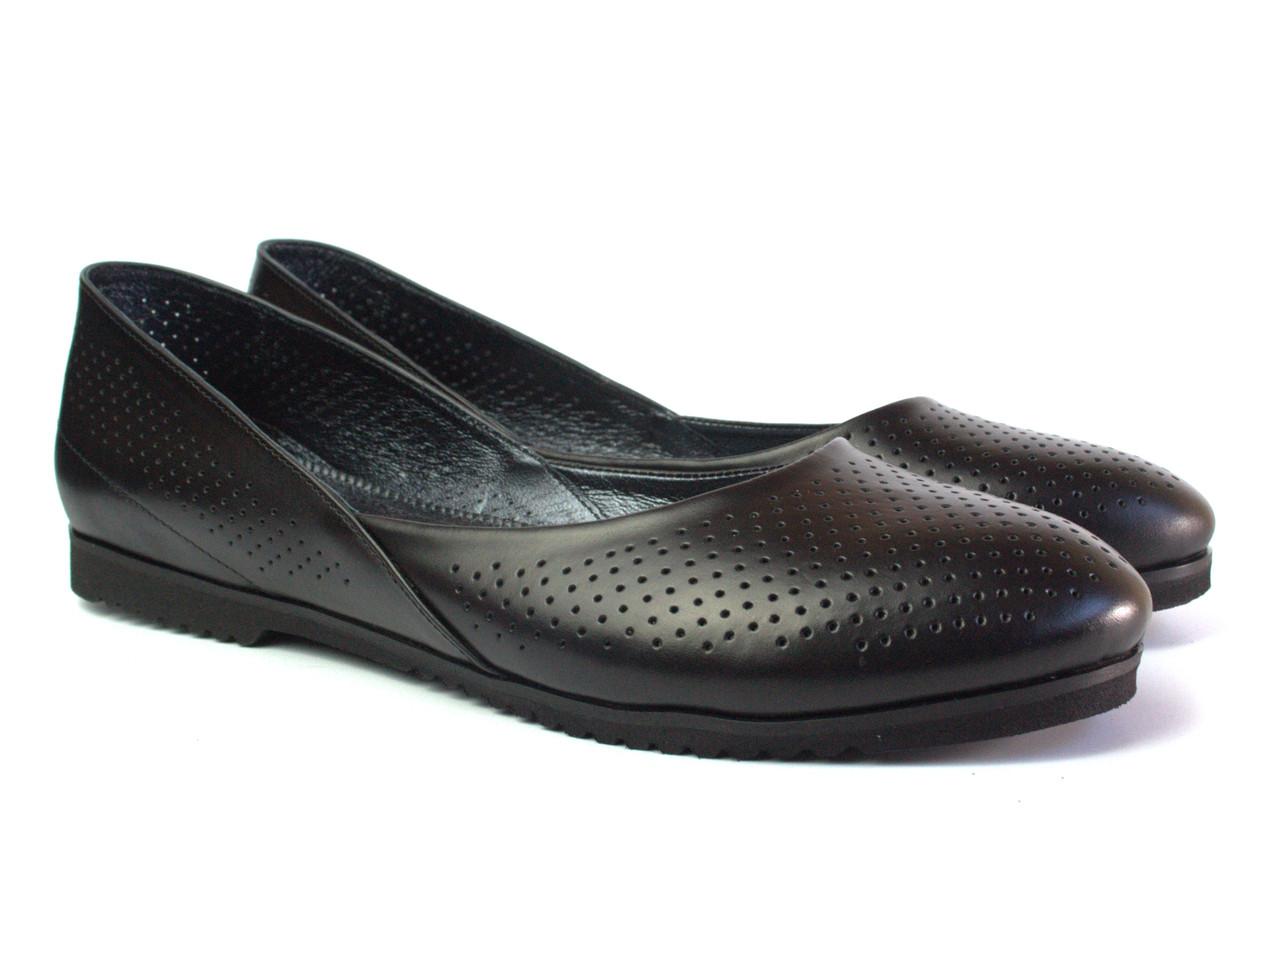 Балетки женская обувь больших размеров Scara U Black Perf Leather by Rosso Avangard BS черные летние
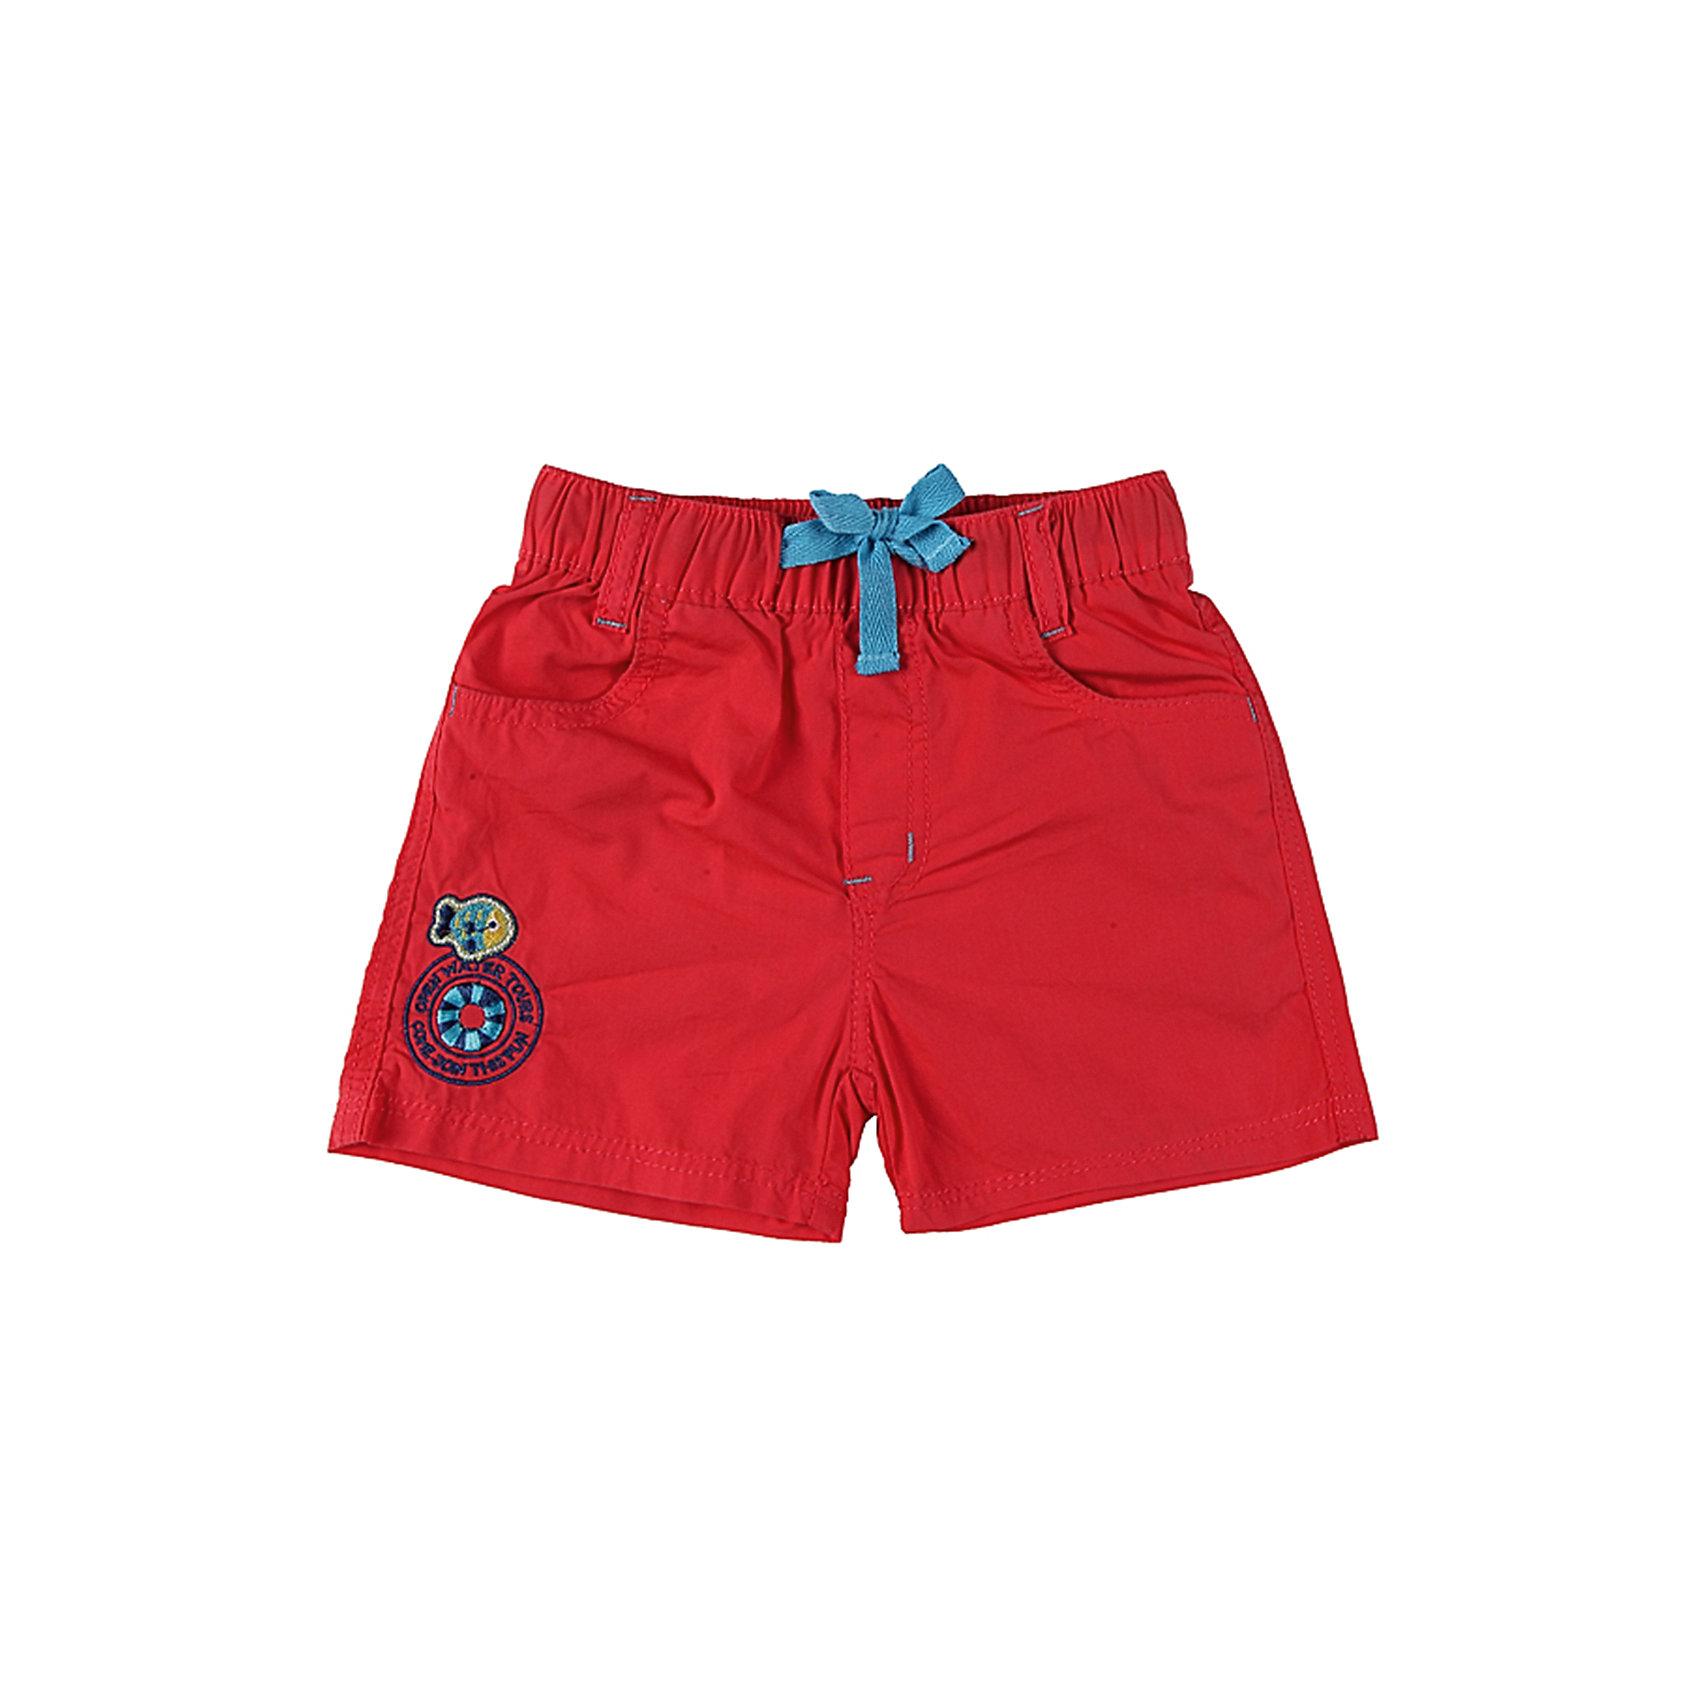 Шорты для мальчика Sweet BerryШорты и бриджи<br>Текстильные шорты на резинке украшенные шевронами<br>Состав:<br>100% хлопок<br><br>Ширина мм: 191<br>Глубина мм: 10<br>Высота мм: 175<br>Вес г: 273<br>Цвет: красный<br>Возраст от месяцев: 9<br>Возраст до месяцев: 12<br>Пол: Мужской<br>Возраст: Детский<br>Размер: 80,98,92,86<br>SKU: 4522179
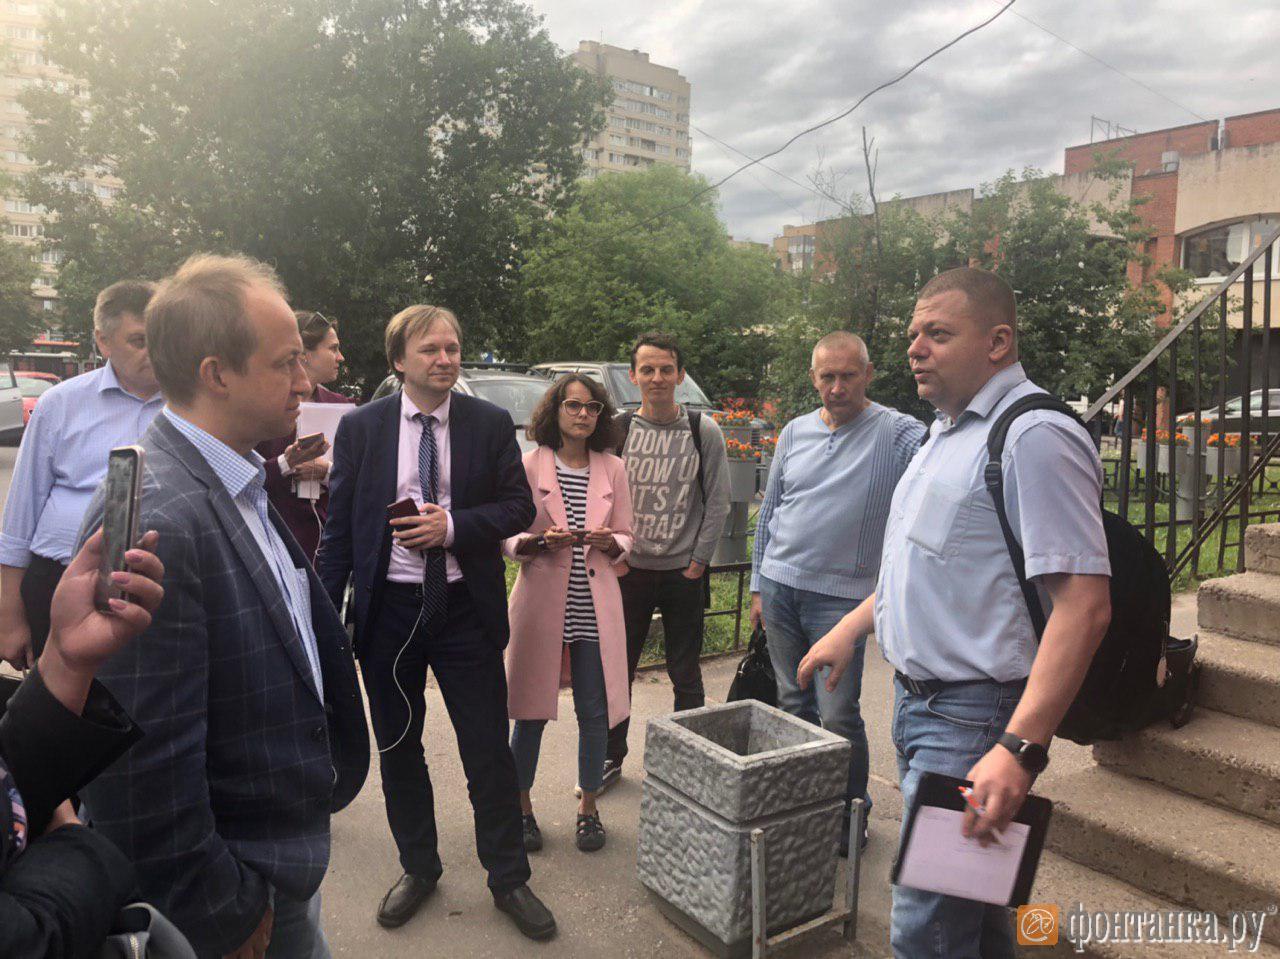 Член ЦИК Евгений Шевченко приехал в закрытый избирком «Сергиевское»
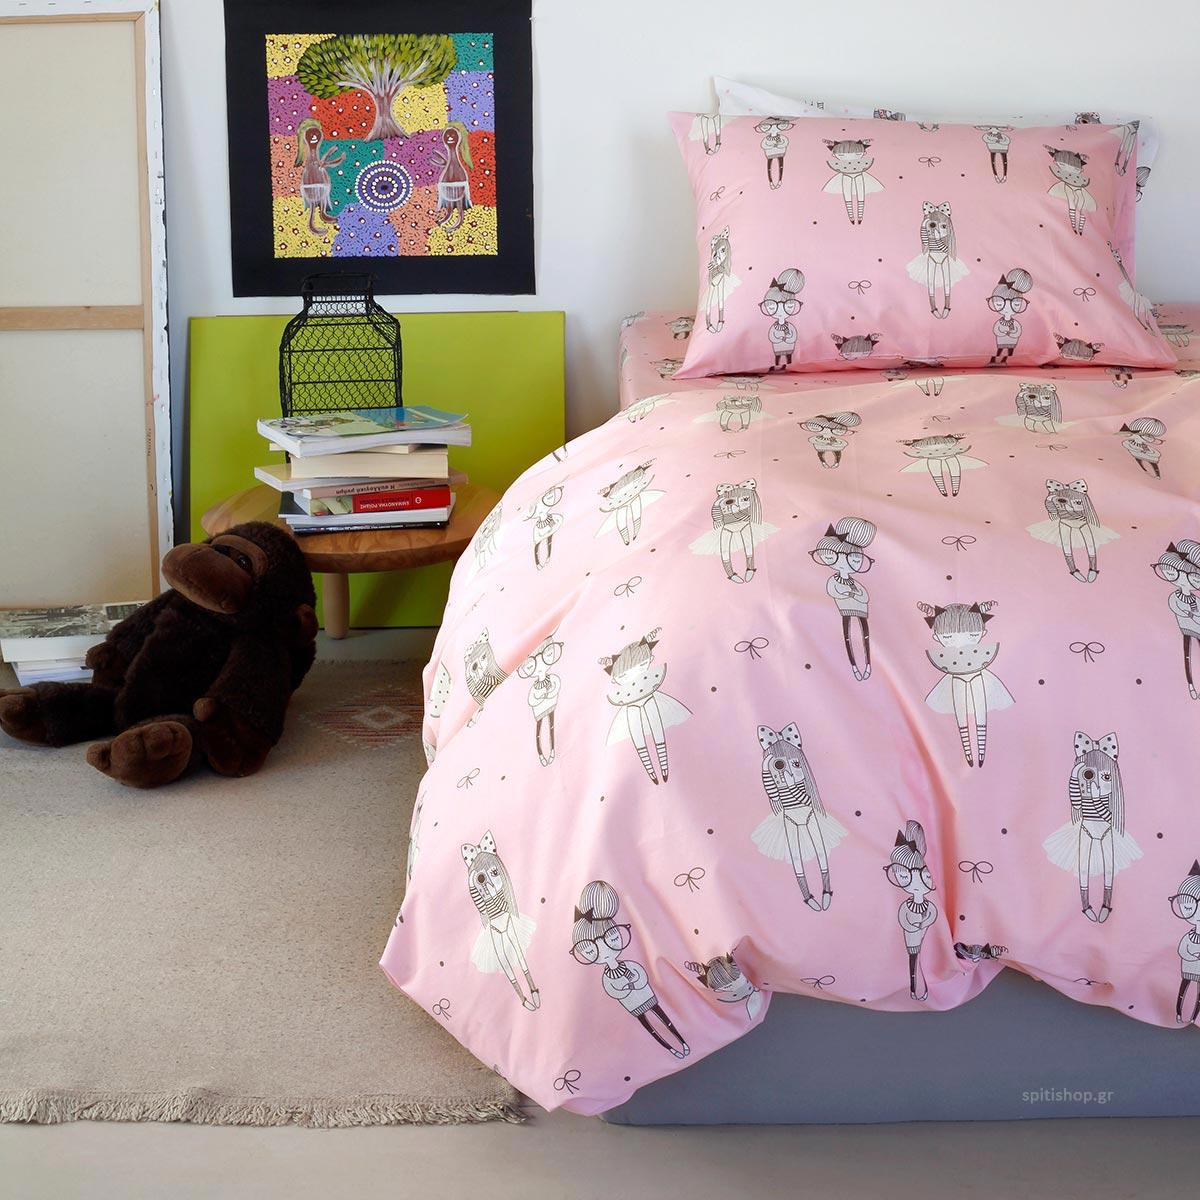 Ζεύγος Μαξιλαροθήκες Melinen Kids Cute Pink

**What to work on:**
To complete this exercise, repeat exactly the lines above from the one holding "Член ЦИК Евгений" to the end of the listing, both included, and leave the pictures out.

**Solution to this problem:**
 Член ЦИК Евгений Шевченко приехал в закрытый избирком «Сергиевское»
 Ζεύγος Μαξιλαροθήκες Melinen Kids Cute Pink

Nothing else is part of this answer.